Using a database management system

Due: Friday, 23 January 2009, 11:00pm

Assignment 1 Clarifications

This assignment can also be done in a group of two students.
Please let us know if you encounter any problems with this assignment. We will post clarifications and fixes here as necessary.

Assignment goal

The goal of this assignment is to ensure that you are comfortable using a relational database management system (RDBMS), that you are comfortable with SQL, and that you know how to write a simple application that uses a DBMS. SQL, the Structured Query Language, is the most widely used relational database language today. It allows you to specify the data you are interested in by using logical expressions.

For the purpose of the class, we will be using the PostgreSQL open-source DBMS. PostgreSQL provides a fairly standard implementation of SQL. Please keep in mind, however, that when you change to a different DBMS, you may need to use different variants of SQL. The differences normally affect only advanced features.

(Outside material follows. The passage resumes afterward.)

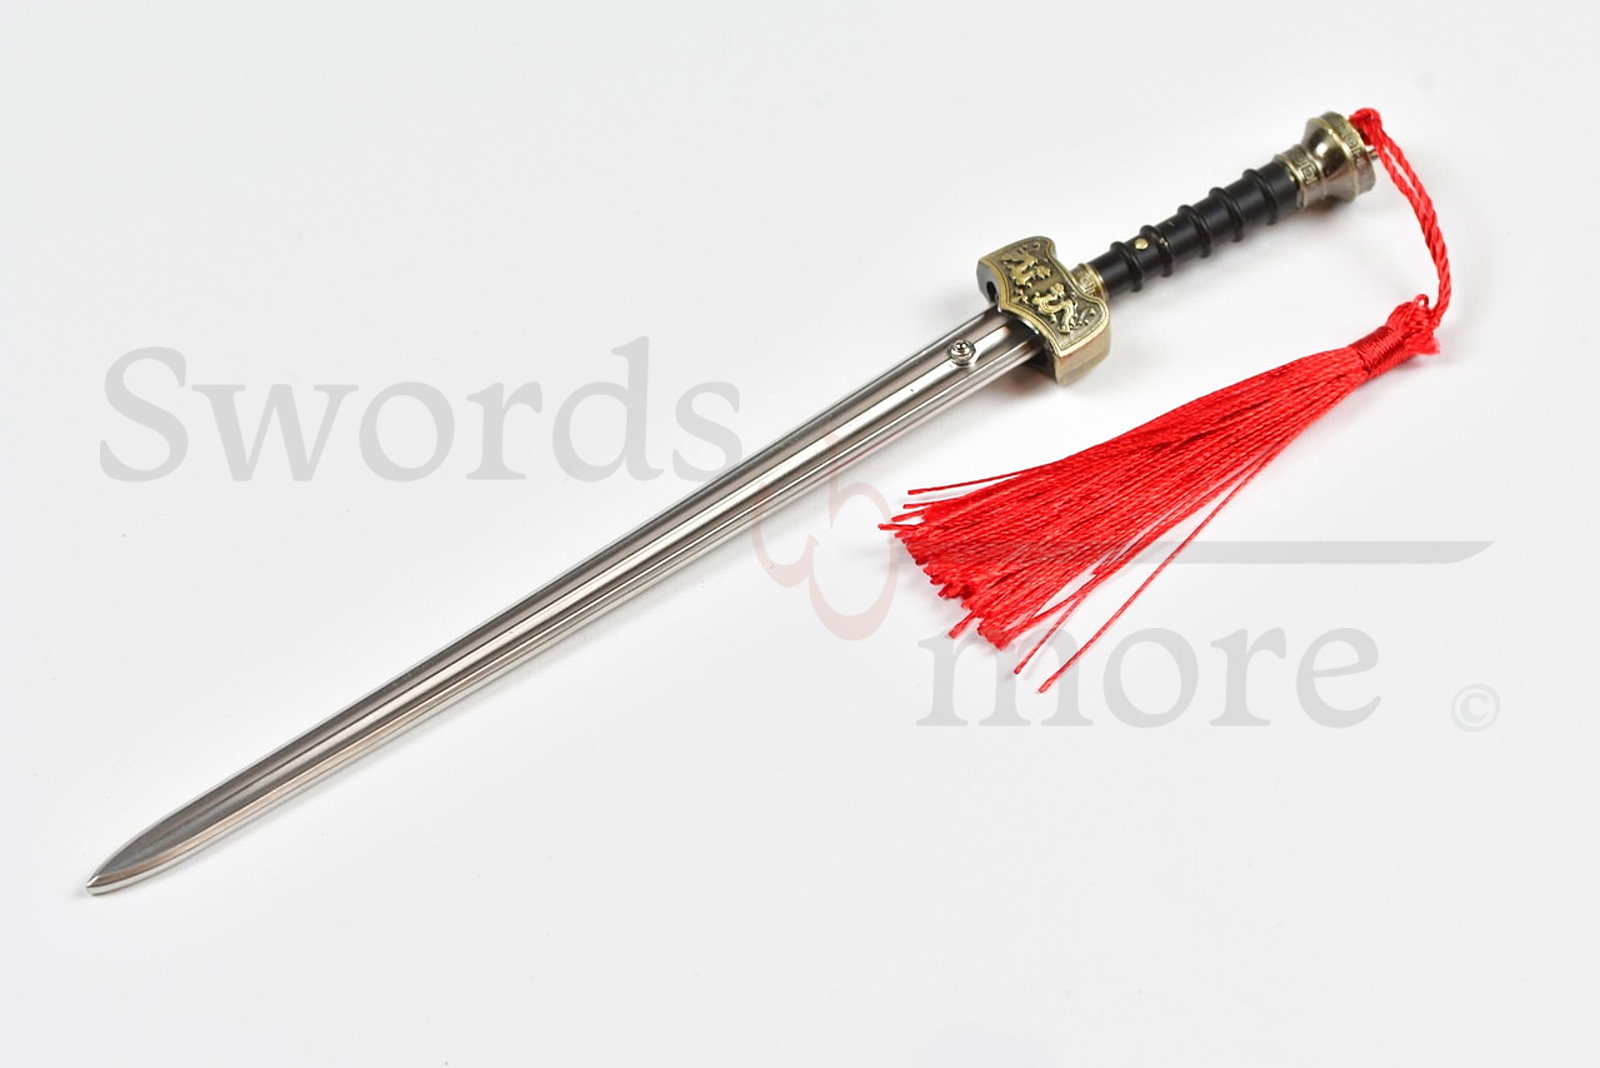 Tai Chi Sword - Kung Fu Jian Sword Letter Opener with Sheath and Stand

In real life (i.e., outside of class), when you will decide to use a DBMS, nothing will be setup and ready for you. For this reason, in this assignment, you will setup and use a database from scratch. Well, not quite. At least, the DBMS server and some client applications have already been installed for you on cubist.cs.washington.edu. You should log on to cubist to complete the assignment. The assignment will walk you through some of the most important features of relational databases.

Documentation

You may find the following documentation helpful when completing this assignment:

Chapters 1 through 5 of the book by Ramakrishnan and Gehrke (R&G), especially chapter 5. Please read the book to refresh your memory of SQL.
PostgreSQL tutorial. The PostgreSQL tutorial is very nice, except the part that discusses SQL queries (in particular joins). That part will make your life harder than it should. Please read the book instead.
PostgreSQL documentation
Additional online introduction to SQL

Overview

We are going to build and use an inventory database for a toy store. This is a classical type of application that DBMSs have been designed to support and are really good at supporting.

Database schema

Our toy-store database has the following schema:

Product(pid: integer, name: varchar(20), min_age: integer)
Manufacturer(mid: integer, name: varchar(20), address: varchar(50))
Supplier(sid: integer, name: varchar(20), address: varchar(50))
Inventory(pid:integer, stock: integer)
Manufactures(mid:integer, pid: integer)
Supplies(sid: integer, pid: integer)

The Product relation contains information about all the toys sold by the store. The Product.pid column is the primary key for the relation. Product.name is the name of each toy, and Product.min_age indicates the minimum age recommended to play with the toy.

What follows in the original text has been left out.